Instructions to follow: Reproduce the data below word for word, setting aside any picture it holds.

Given data:
[Start of Attachment]

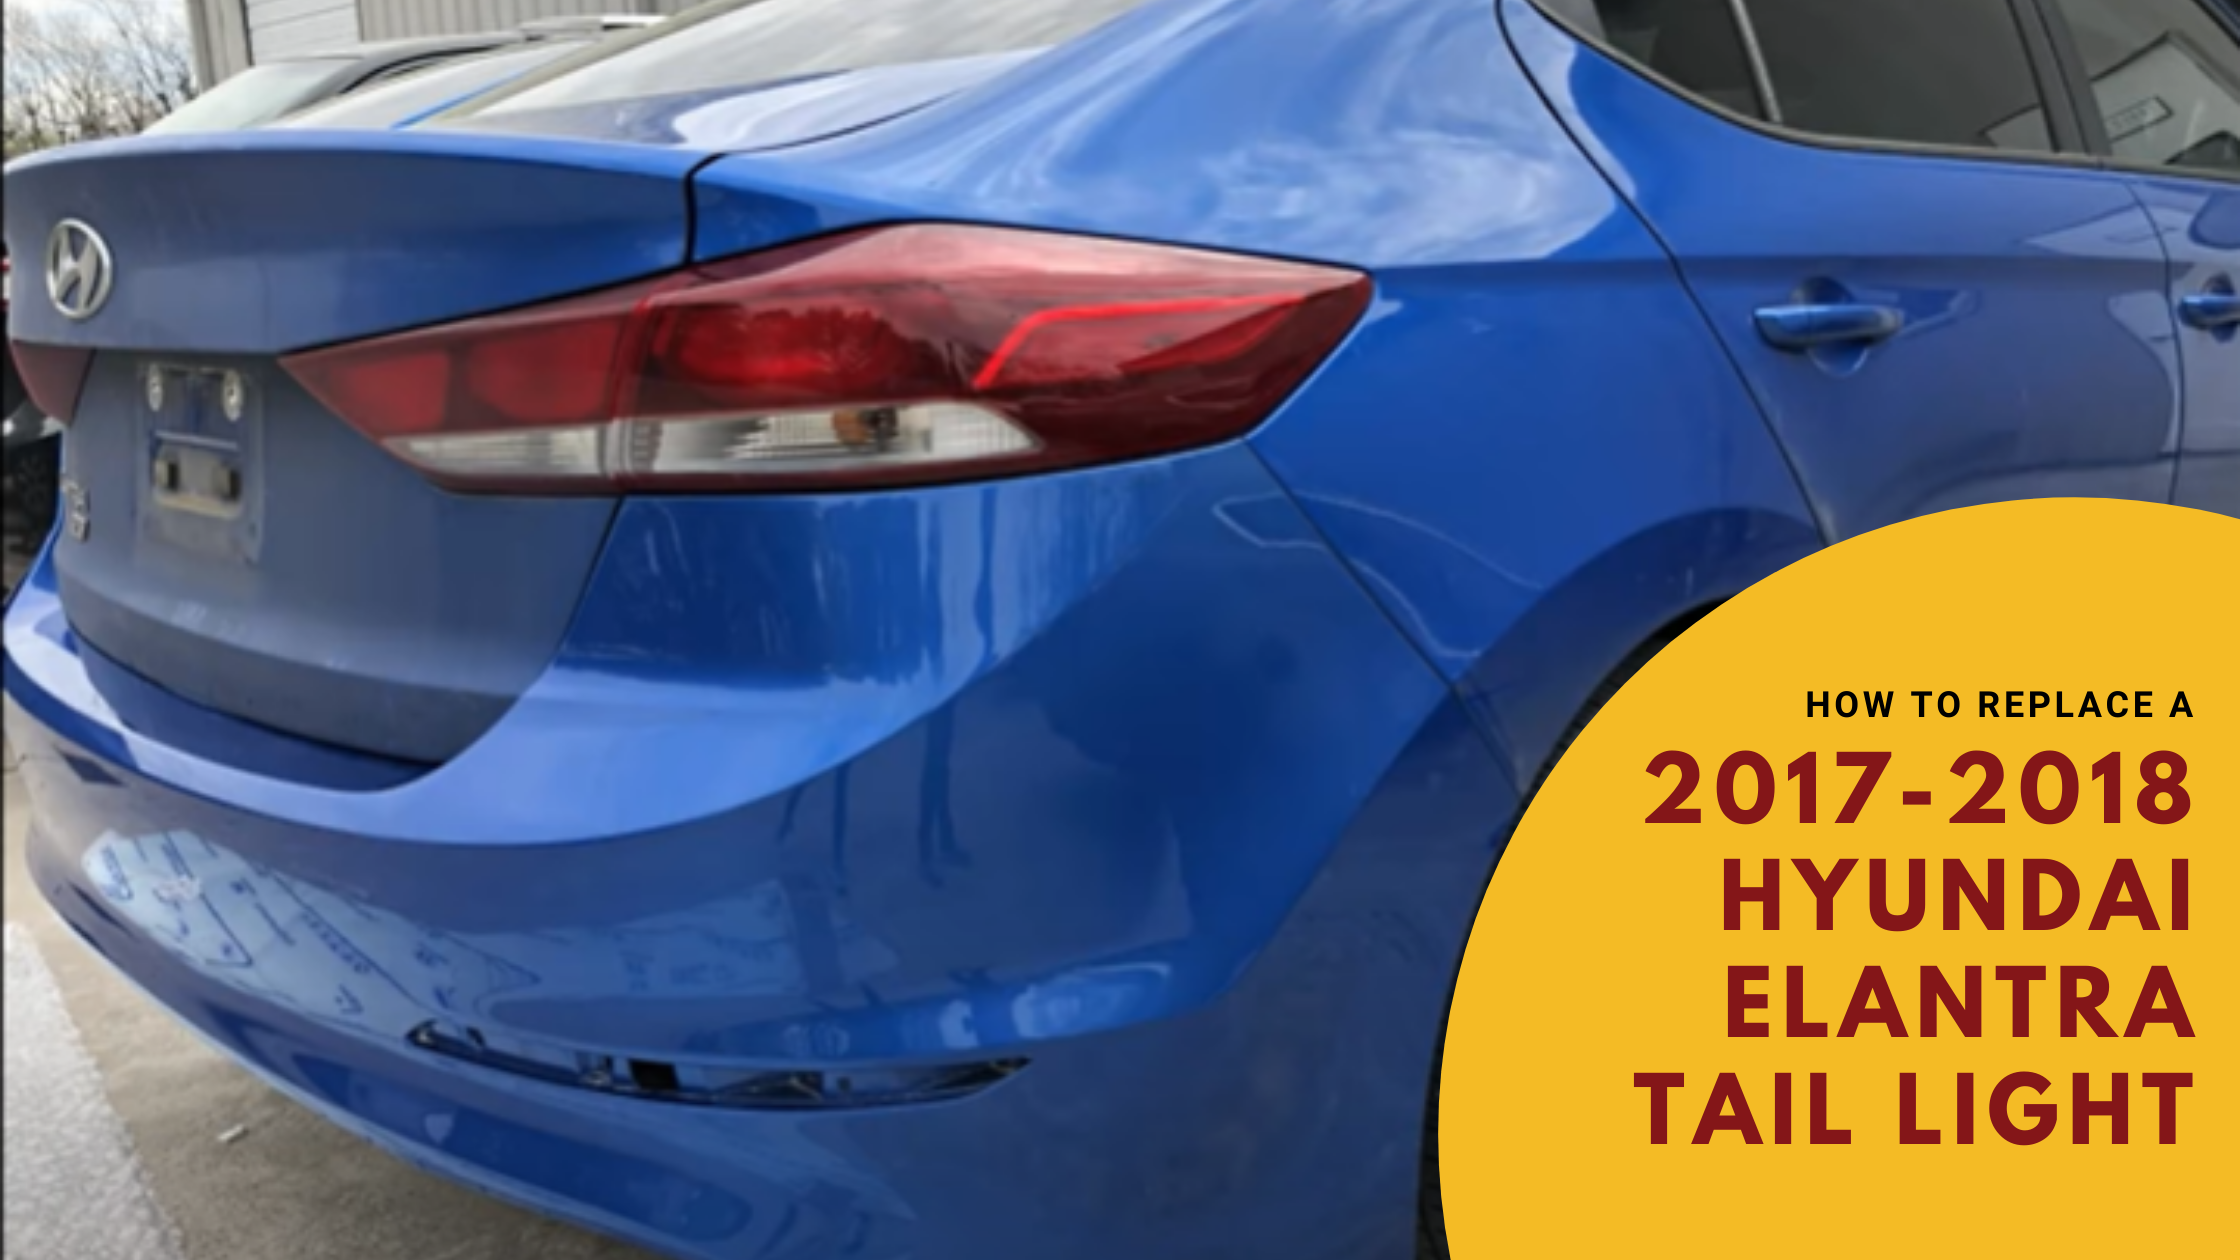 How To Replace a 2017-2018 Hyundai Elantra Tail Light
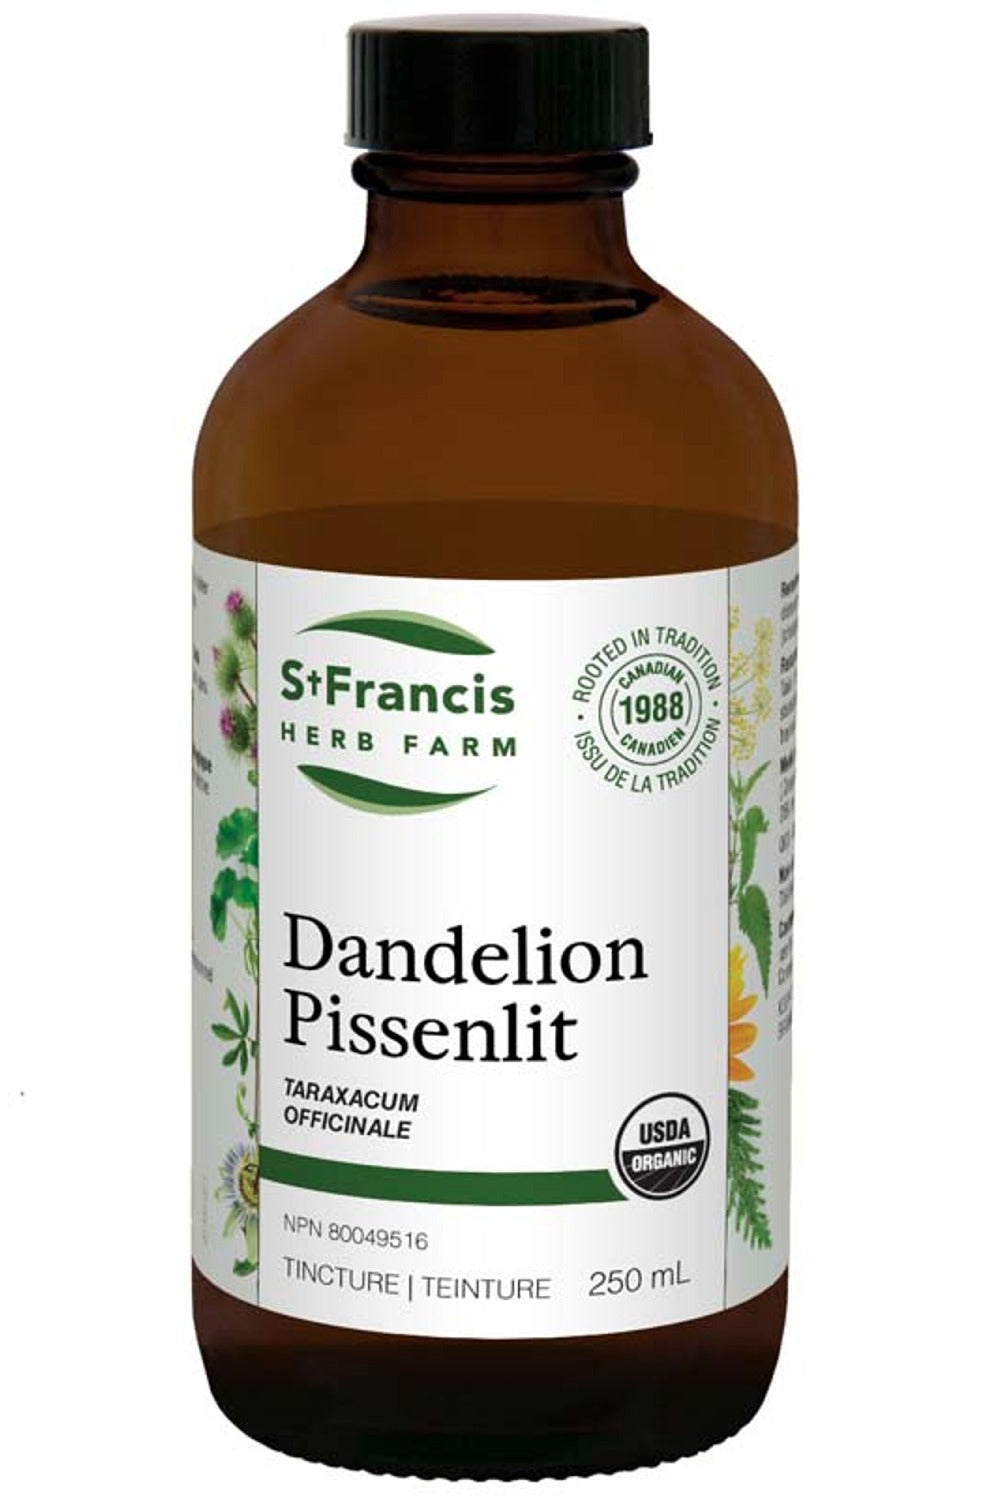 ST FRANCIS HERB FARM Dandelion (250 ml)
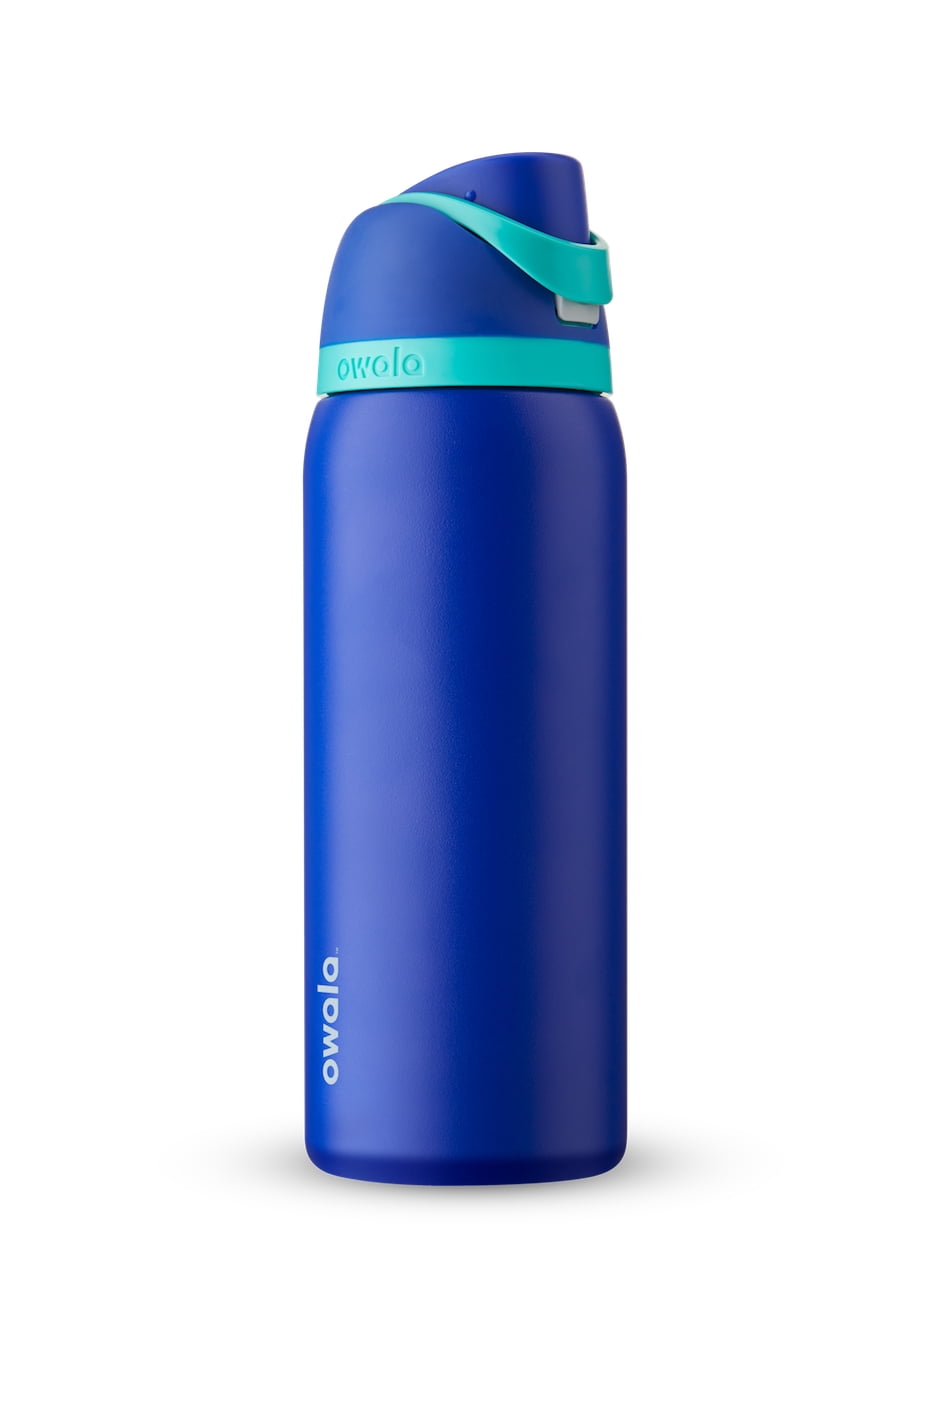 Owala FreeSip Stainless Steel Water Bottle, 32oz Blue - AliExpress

[End of Attachment]

Task result:
 How To Replace a 2017-2018 Hyundai Elantra Tail Light
 ST FRANCIS HERB FARM Dandelion (250 ml)
 Owala FreeSip Stainless Steel Water Bottle, 32oz Blue - AliExpress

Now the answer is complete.